The C Standard, subclause 3.4.3 [ISO/IEC 9899:2011], defines undefined behavior as

behavior, upon use of a nonportable or erroneous program construct or of erroneous data, for which this International Standard imposes no requirements.

Subclause 4 explains how the standard identifies undefined behavior (see also undefined behavior 1 of Annex J).

If a "shall" or "shall not" requirement that appears outside of a constraint is violated, the behavior is undefined. Undefined behavior is otherwise indicated in this International Standard by the words "undefined behavior" or by the omission of any explicit definition of behavior. There is no difference in emphasis among these three; they all describe "behavior that is undefined".

Annex J, subclause J.2, "Undefined behavior," enumerates the circumstances under which the behavior of a program is undefined. This list is duplicated on the CC. Undefined Behavior page.

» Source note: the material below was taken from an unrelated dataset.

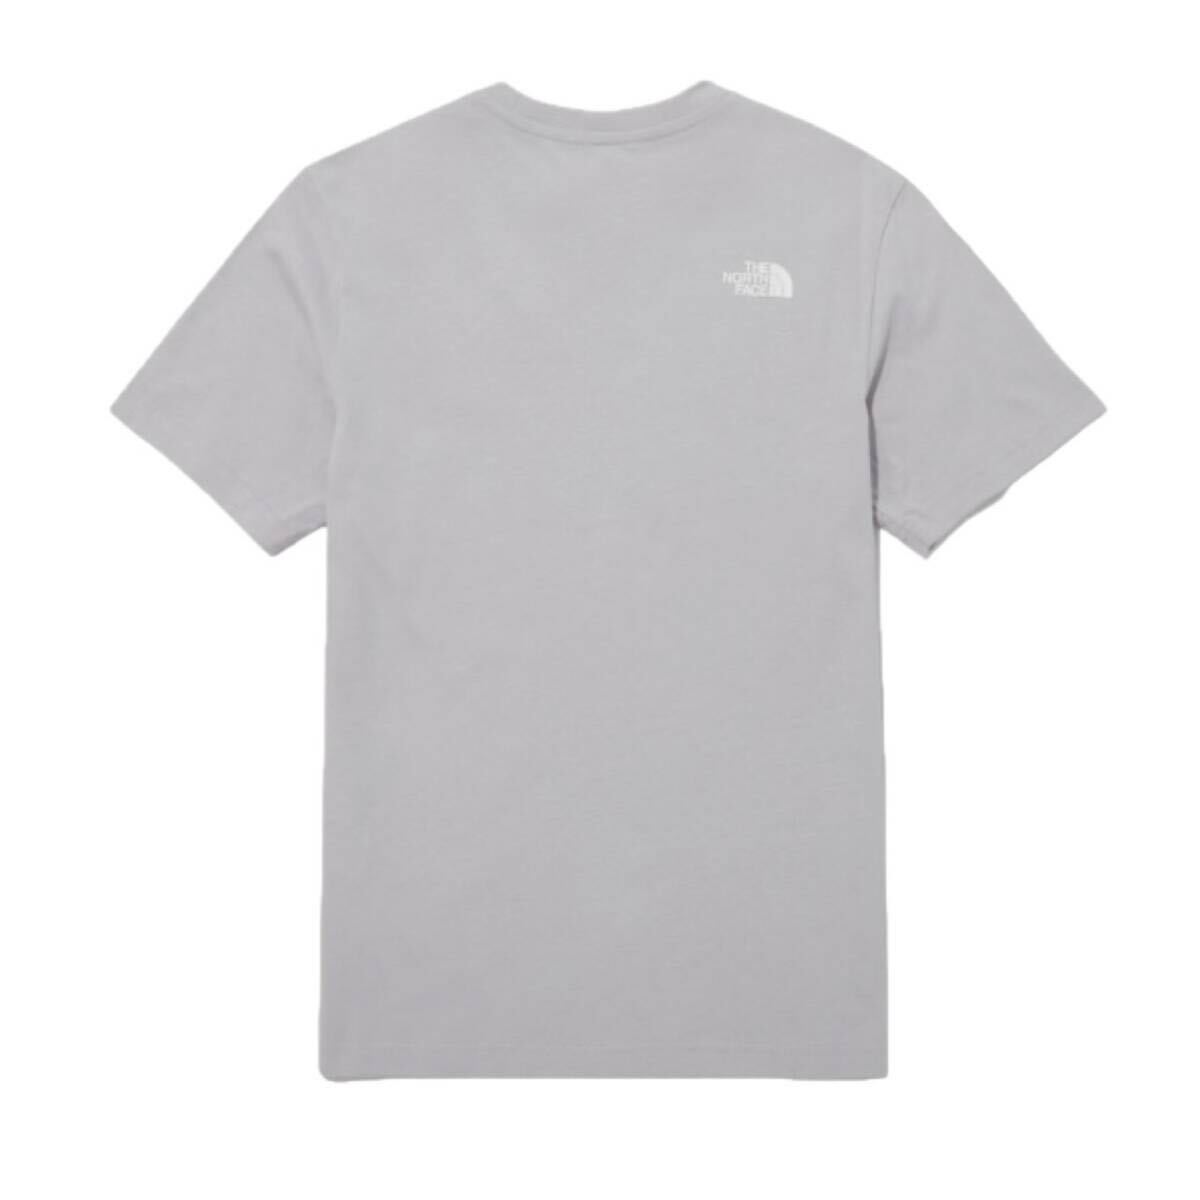 ザ ノースフェイス Tシャツ NT7U ライトグレー Mサイズ コットン素材 クルーネック シンプルロゴ THE NORTH FACE COTTON S/S TEE 新品の画像5

Behavior can be classified as undefined by the C standards committee for the following reasons:

  • To give the implementor license not to catch certain program errors that are difficult to diagnose
  • To avoid defining obscure corner cases that would favor one implementation strategy over another
  • To identify areas of possible conforming language extension: the implementor may augment the language by providing a definition of the officially undefined behavior

Conforming implementations can deal with undefined behavior in a variety of fashions, such as ignoring the situation completely, with unpredictable results; translating or executing the program in a documented manner characteristic of the environment (with or without the issuance of a diagnostic message); or terminating a translation or execution (with the issuance of a diagnostic message). Because compilers are not obligated to generate code for undefined behavior, these behaviors are candidates for optimization. By assuming that undefined behaviors will not occur, compilers can generate code with better performance characteristics.

Increasingly, compiler writers are taking advantage of undefined behaviors in the C programming languages to improve optimizations. These optimizations frequently interfere with the ability of developers to perform cause-effect analysis on their source code—that is, to analyze the dependence of downstream results on prior results. Consequently, these optimizations are eliminating causality in software and are increasing the probability of software faults, defects, and vulnerabilities.

All of this puts the onus on the programmer to develop code that is free from undefined behaviors, with or without the help of the compiler.

Noncompliant Code Example

An example of undefined behavior in C is the behavior on signed integer overflow (see also INT32-C. Ensure that operations on signed integers do not result in overflow). This noncompliant code example depends on this behavior to catch the overflow:

#include <assert.h>
#include <limits.h>
#include <stdio.h>
 
int foo(int a) {
  assert(a + 100 > a);
  printf("%d %d\n", a + 100, a);
  return a;
}

int main(void) {
  foo(100);
  foo(INT_MAX);
  return 0;
}

This code checks for signed integer overflow by testing whether a + 100 > a. This test cannot evaluate to false unless an integer overflow occurs. However, because a conforming implementation is not required to generate code for undefined behavior, and signed integer overflow is undefined behavior, this code may be compiled out. For example, GCC 4.1.1 optimizes out the assertion for all optimization levels, and GCC 4.2.3 optimizes out the assertion for programs compiled with -O2-level optimization and higher.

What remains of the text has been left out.